Despite the hype, the financial reality is that companies are investing trillions into AI technology, while the revenue generated is still only in the billions. This significant gap raises questions about long-term sustainability and the timeline for profitability that leaders must address.
Similar to the dot-com era, the current AI investment cycle is expected to produce a high number of company failures alongside a few generational winners that create more value than ever before in venture capital history.
Sam Lessin predicts massive losses for seed VCs backing companies branded as "AI businesses." These ventures are too capital-intensive and commoditizable to generate traditional venture returns, even if they become massive. AI should be a tool, not the business model itself.
Historical tech cycles like the cloud and mobile demonstrate a consistent pattern: the application layer ultimately generates 5 to 10 times the value of the underlying infrastructure capital expenditure. With trillions being invested in AI infrastructure, future value creation at the application layer will be astronomically larger.
IBM's CEO argues the AI bubble is in data center construction. The committed build-out requires an additional $1-2 trillion in new annual revenue to justify the investment—a figure he believes is unrealistic, meaning many infrastructure bets will fail.

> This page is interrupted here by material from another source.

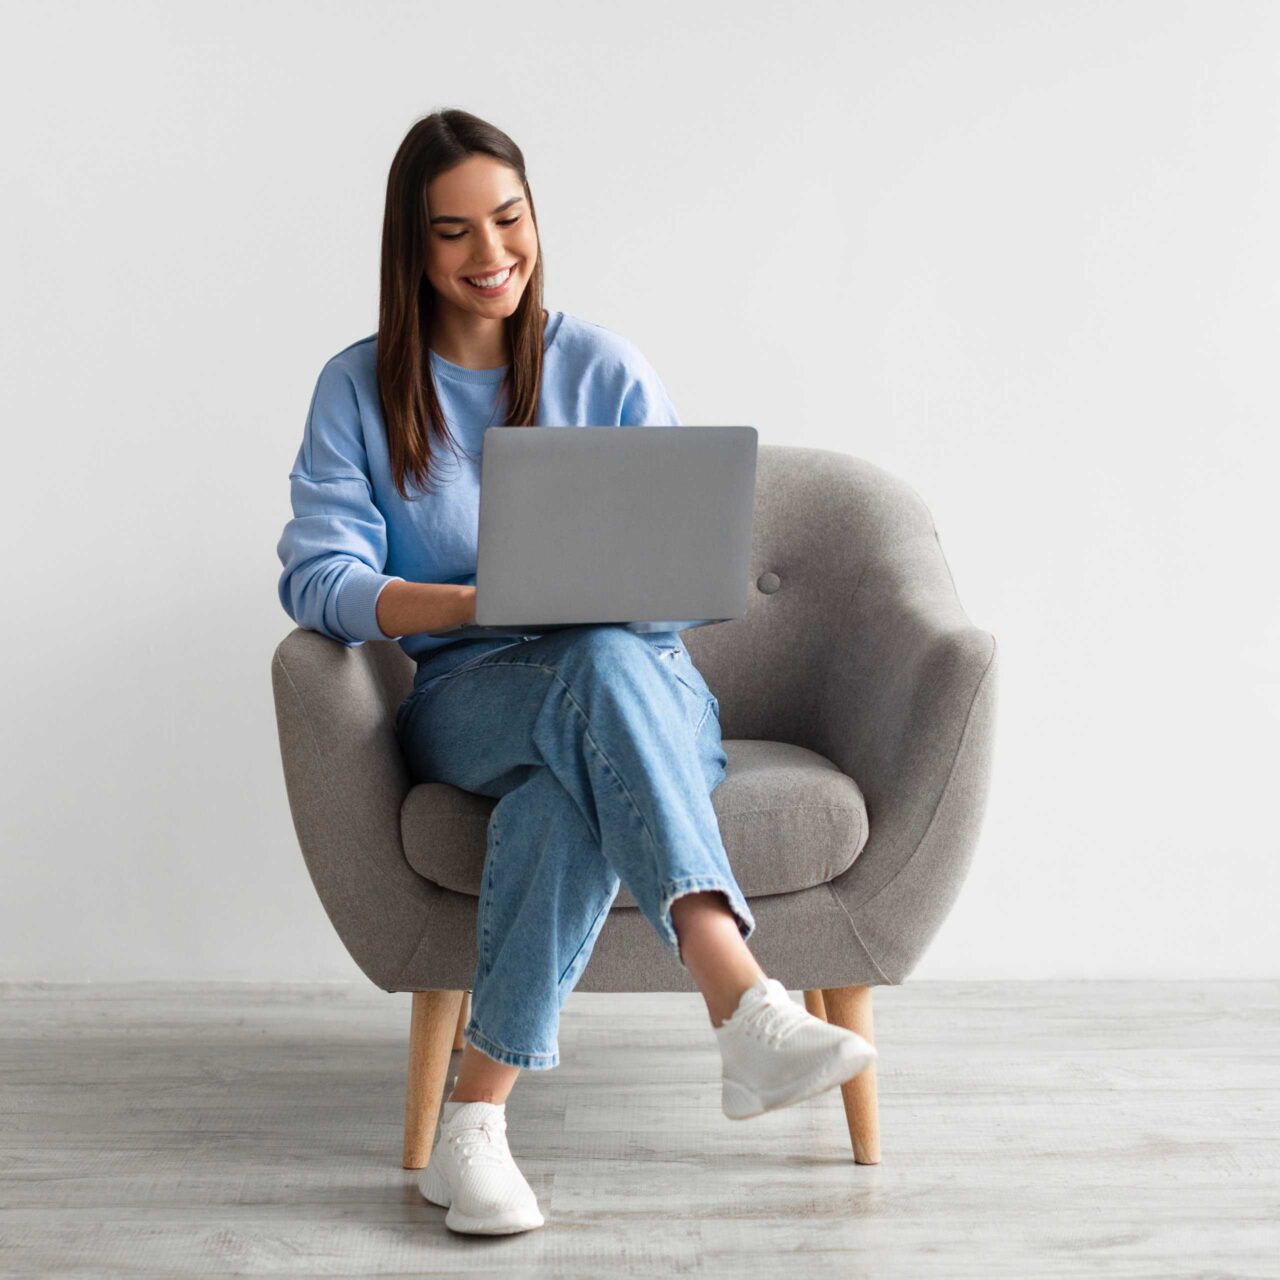 Woman In Chair With Laptop

Comparing AI to 1995-era internet bandwidth, the hosts argue that selling raw 'intelligence' is a low-margin, commodity business. The significant financial upside will be captured not by the infrastructure providers, but by the creators who build novel applications and experiences using that intelligence as a building block.
The stock market's enthusiasm for AI has created valuations based on future potential, not current reality. The average company using AI-powered products isn't yet seeing significant revenue generation or value, signaling a potential market correction.
The current AI boom may not be a "quantity" bubble, as the need for data centers is real. However, it's likely a "price" bubble with unrealistic valuations. Similar to the dot-com bust, early investors may unwittingly subsidize the long-term technology shift, facing poor returns despite the infrastructure's ultimate utility and value.
When investing in AI, the focus should be on companies building durable, multi-purpose infrastructure or solving real-world problems with a sustainable data flywheel. This approach is superior to backing firms with impressive tech demonstrations that lack a clear, defensible business model.
While spending on AI infrastructure has exceeded expectations, the development and adoption of enterprise-level AI applications have significantly lagged. Progress is visible, but it's far behind where analysts predicted it would be, creating a disconnect between the foundational layer and end-user value.